Con la Budapest Festival Orchestra,
bajo la dirección de Ivan Fischer, ha terminado la 70 edición del Festival
Internacional de Santander. Una clausura ciertamente singular, con un programa
poco convencional y bastante diversificado, que otorgó evidente preeminencia a
la música francesa (Milhaud, Ravel, Satie, Poulenc), para acabar con una pieza
muy propia, del compositor húngaro Zoltán Kodály.
La BFO es una orquesta amplia y no
exenta de aliento festivo. Ello se aprecia en su disposición y en su modo de
afrontar las partituras. Fischer no les fue en zaga y se presentó en el
escenario del Palacio de Festivales entregado de antemano al espíritu en cierto
modo celebrativo de una sesión de clausura. No obstante lo cual, hemos de decir
que quizá ni el repertorio ni los modos encajaron demasiado bien en el carácter
de cierre de un Festival, sino más bien en el de una grata jornada de
programación de primavera; apreciación esta, por otra parte, que puede
entenderse como enteramente personal.
La obra de Milhaud, El buey en el
tejado, es una pieza alegre, irónica, desenfadada, que muestra influencias
de múltiples ritmos transoceánicos (de hecho, surgió a raíz de una estancia del
compositor en Brasil) y que ya desde su estreno fue bastante discutida. Oída
hoy, sigue causando esa impresión de mixtura excesiva aliñada con ligereza y al
tiempo con algún aporte chopiniano más severo. Su escucha no es imprescindible
para el oyente actual, aunque la BFO la abordó con entusiasmo, subrayando muy
bien sus diferentes aires de danza y su impronta popular.
El programa se acomodó un poco mejor a
las circunstancias de la noche con la acometida del Concierto para piano y
orquesta en Sol Mayor de Ravel, aunque en esta obra también se detectan
influjos jazzísticos.

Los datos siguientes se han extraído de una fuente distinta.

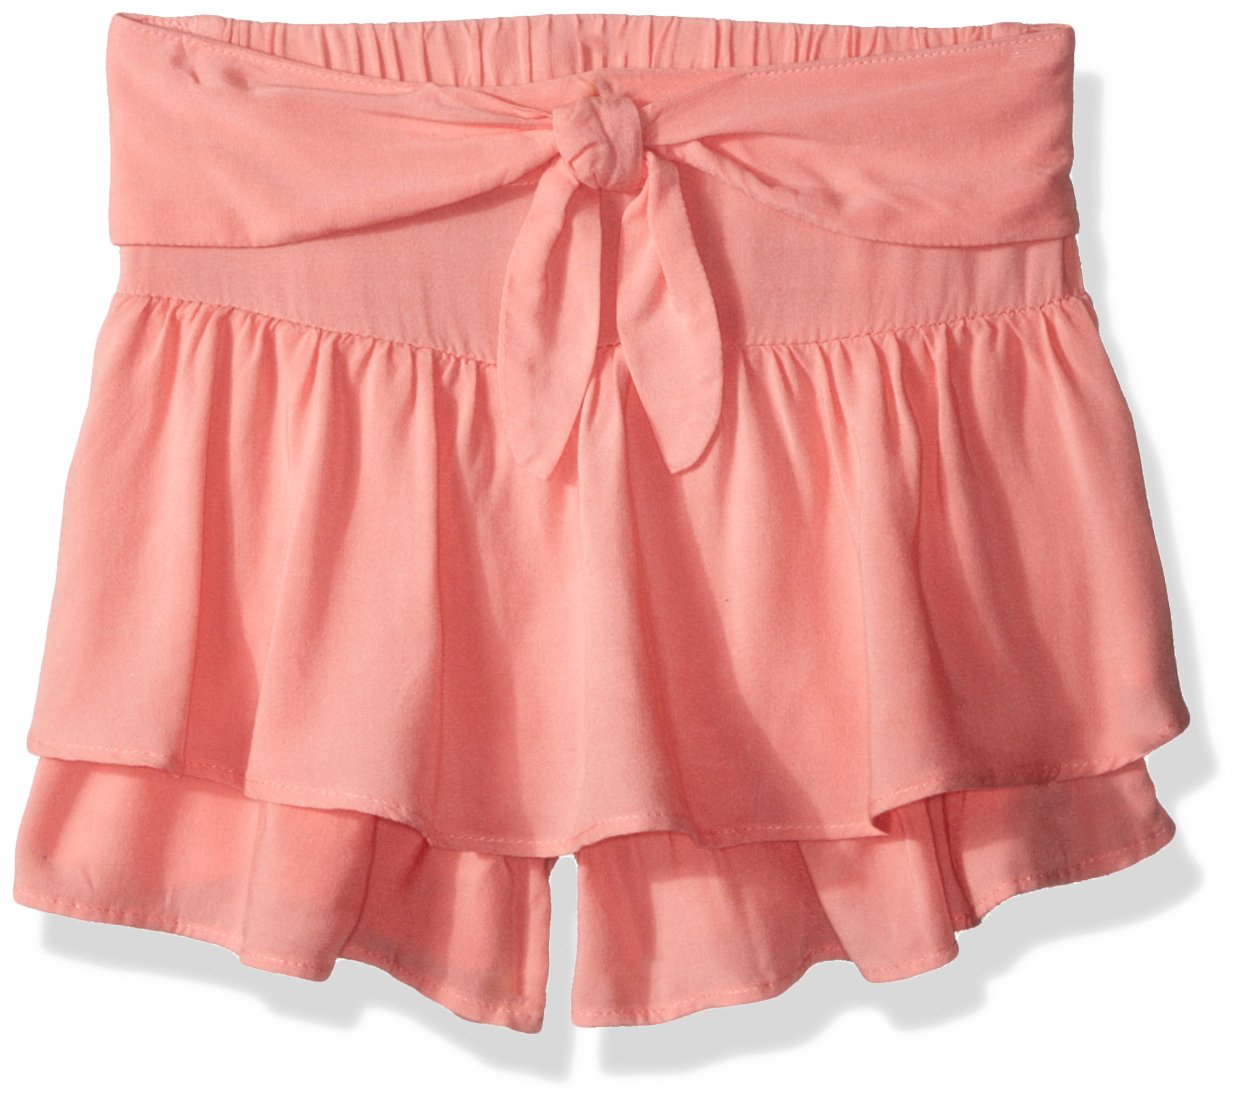 Crazy 8 Girls' Toddler Tie Front Skort, Pink, 2T
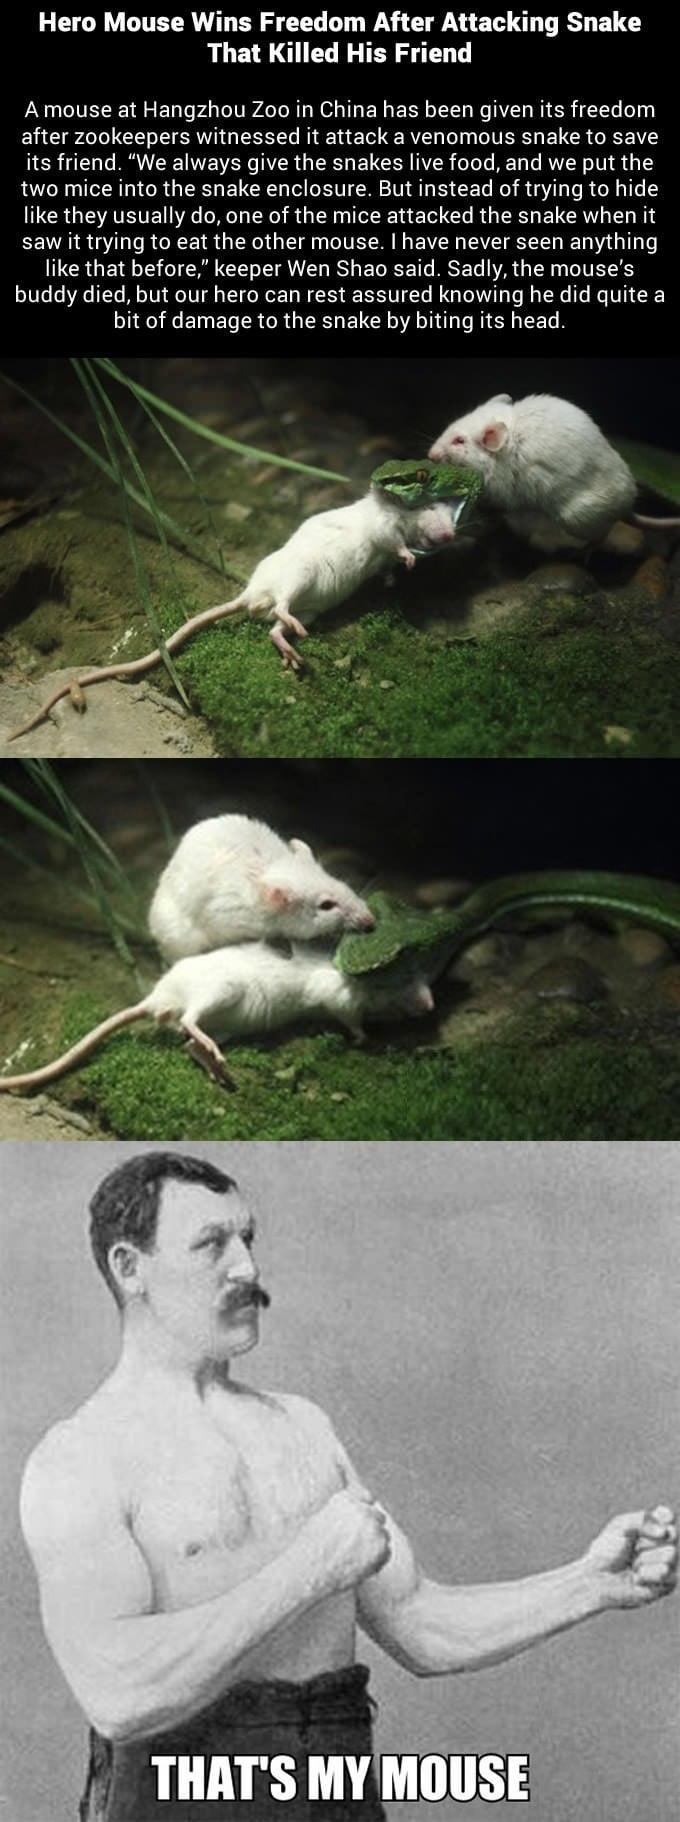 Imagini amuzante si haioase - Brave little guy

Se trata de un concierto con dos movimientos ligeros de
apertura y cierre que encierran una gran joya en su centro: su adagio assai.
Todo el concierto en realidad supone una oportunidad extraordinaria para el
lucimiento de sus solistas (fagot, arpa, trompa). En esta ocasión, fue Dejan
Lazić el pianista que se hizo cargo de las importantes partes para piano. El
instrumentista croata se involucró mucho en la interpretación (incluso
gestualmente, tal vez en exceso) e intentó dar con la clave de la lúdica
artillería raveliana del adagio mencionado, lográndolo en unas ocasiones
más que en otras. Lazić exhibió bonitos contrastes pero, en general, se decantó
más por la intensidad que por la captación del concepto, resultando pasajes
secos, ajenos a esos calculados desajustes que Ravel quiso introducir en su
obra. Su presencia fue muy aplaudida y regaló al auditorio una propina: una de
las danzas de estilo búlgaro de Bartók, de su obra Mikrokosmos.
El concierto prosiguió su andadura
con la orquesta ya sin piano, curiosa y precisamente abordando a Satie. La
ejecución quiso ser delicada pero sonó carente de las sutilísimas matizaciones
de estas exquisitas obras (Gymnopedie 1 y Gnosienne 3), “lenta y
dolorosa” y “melancólica” respectivamente, en palabras textuales de su
compositor. Así, su carácter original de danzas atmosféricas quedó
inevitablemente diluido en la masa demasiado compacta de la orquesta.
Al fin, es evidente que donde mejor
desplegó sus cualidades la BFO fue en la pieza final de su paisano, el húngaro
Kodály, cuyas Danzas de Galánta fueron muy bien perfiladas en su carácter
folclórico por las diferentes secciones de la orquesta, que desplegó la
brillantez total de su sonido. A su término los músicos fueron ovacionados, y
sorprendieron al público adoptando varios de los instrumentistas una
disposición coral que nos obsequió con una alegre canción popular de Dvorák.